## [PROBLEM]
Write out the whole listing exactly; no images belong in it.

## [SUPPLIED INFORMATION]
• • •

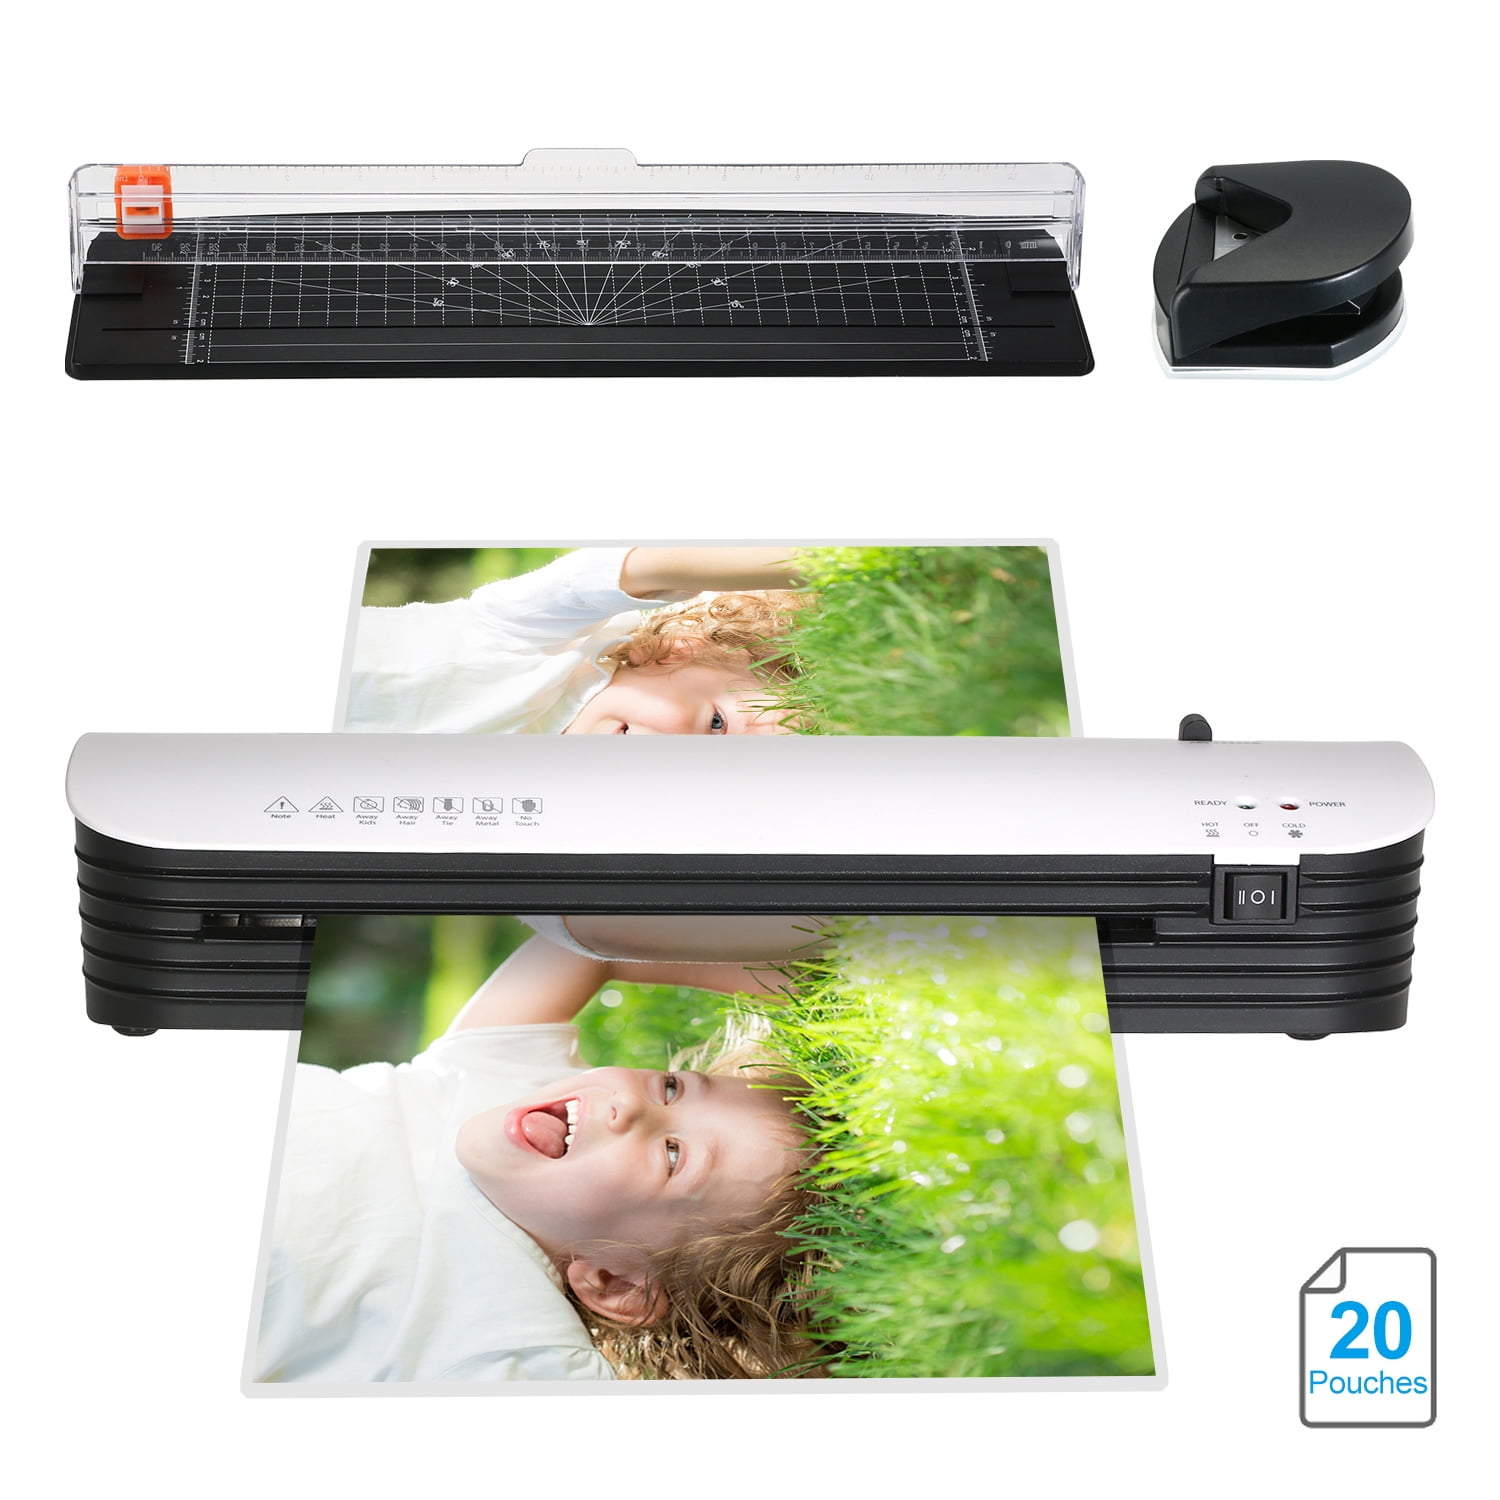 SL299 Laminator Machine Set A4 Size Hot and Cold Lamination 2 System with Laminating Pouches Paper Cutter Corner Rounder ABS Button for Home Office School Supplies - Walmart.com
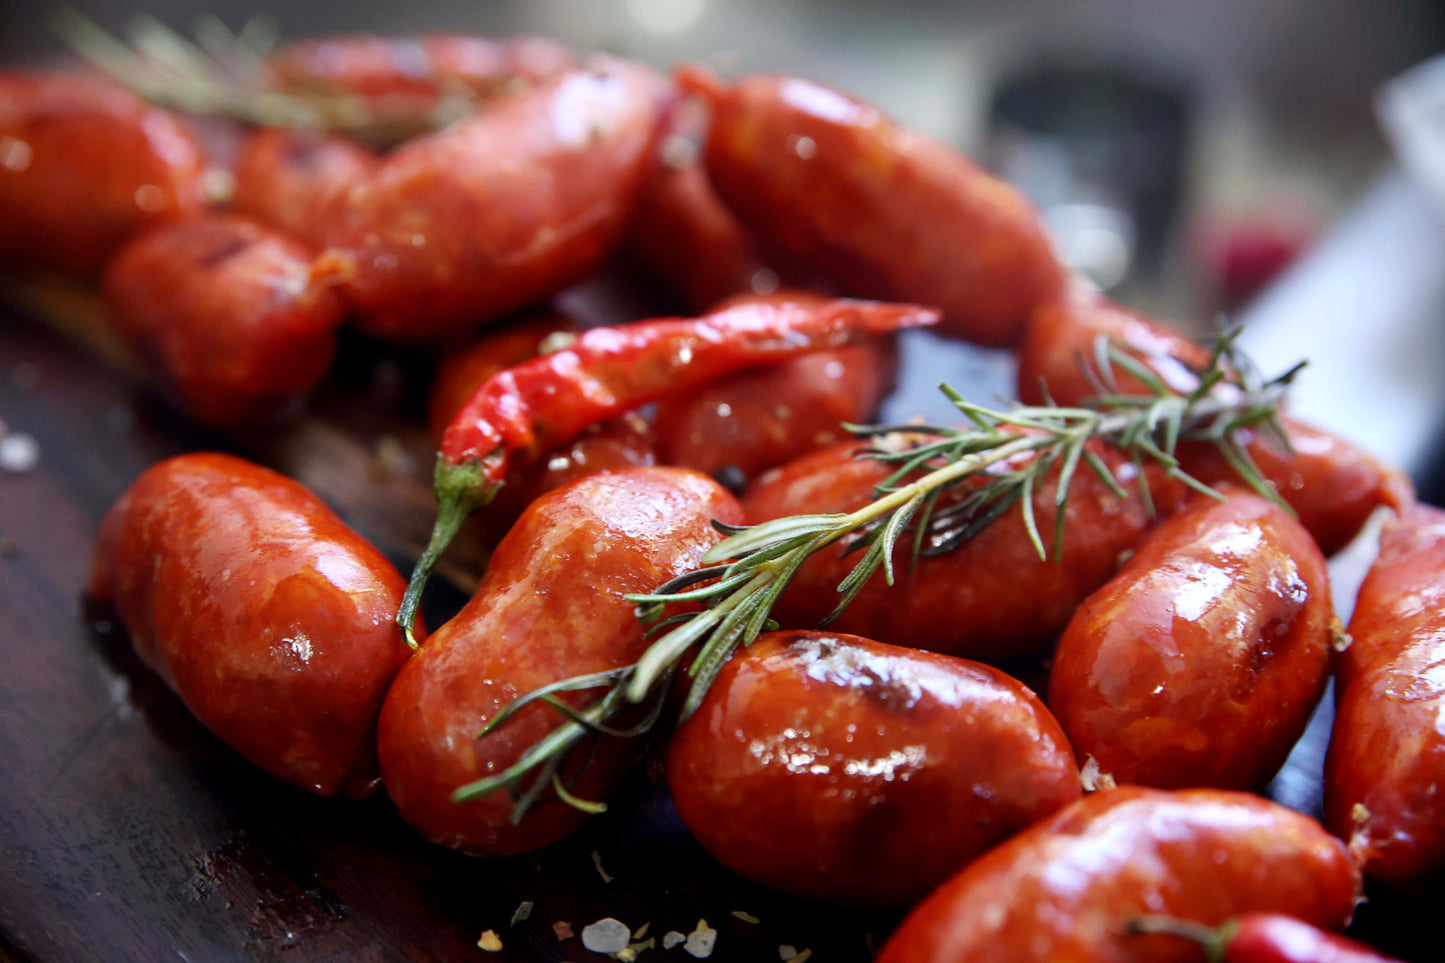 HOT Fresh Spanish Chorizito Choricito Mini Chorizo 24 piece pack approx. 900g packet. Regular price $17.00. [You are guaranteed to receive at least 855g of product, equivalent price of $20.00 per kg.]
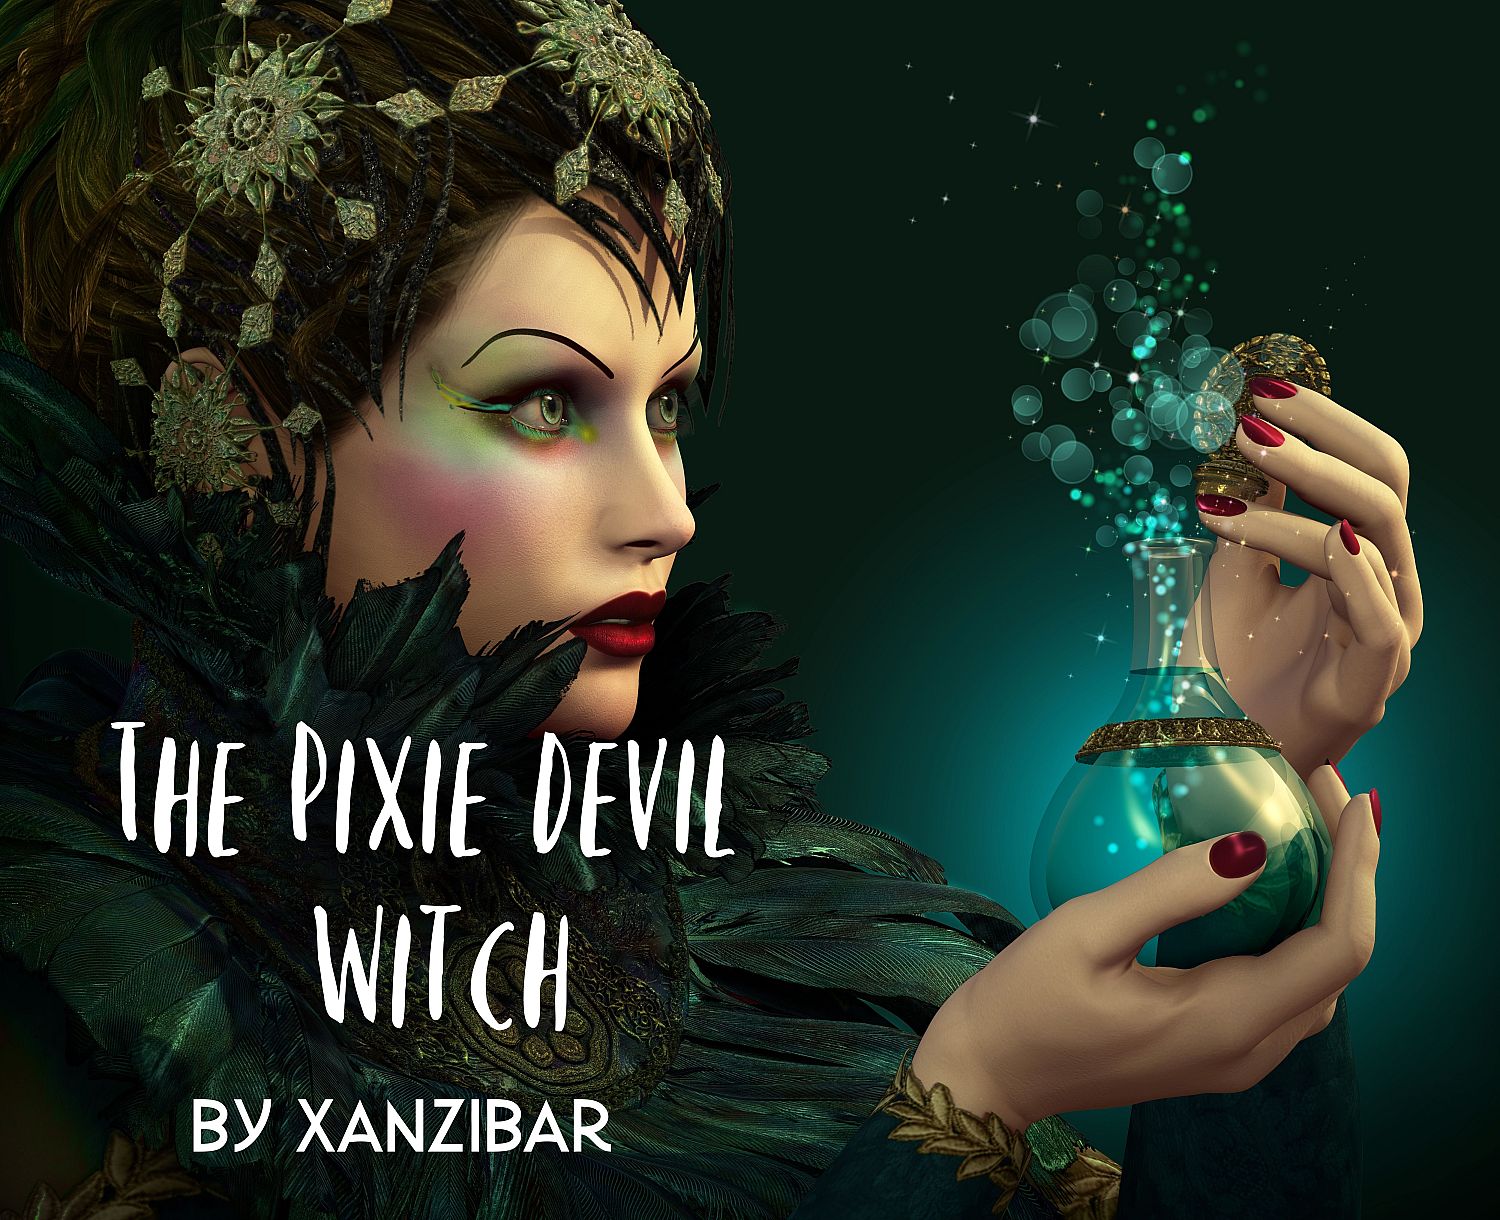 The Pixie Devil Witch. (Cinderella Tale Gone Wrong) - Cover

• • •

## [RESULT]
 SL299 Laminator Machine Set A4 Size Hot and Cold Lamination 2 System with Laminating Pouches Paper Cutter Corner Rounder ABS Button for Home Office School Supplies - Walmart.com
 HOT Fresh Spanish Chorizito Choricito Mini Chorizo 24 piece pack approx. 900g packet. Regular price $17.00. [You are guaranteed to receive at least 855g of product, equivalent price of $20.00 per kg.]
 The Pixie Devil Witch. (Cinderella Tale Gone Wrong) - Cover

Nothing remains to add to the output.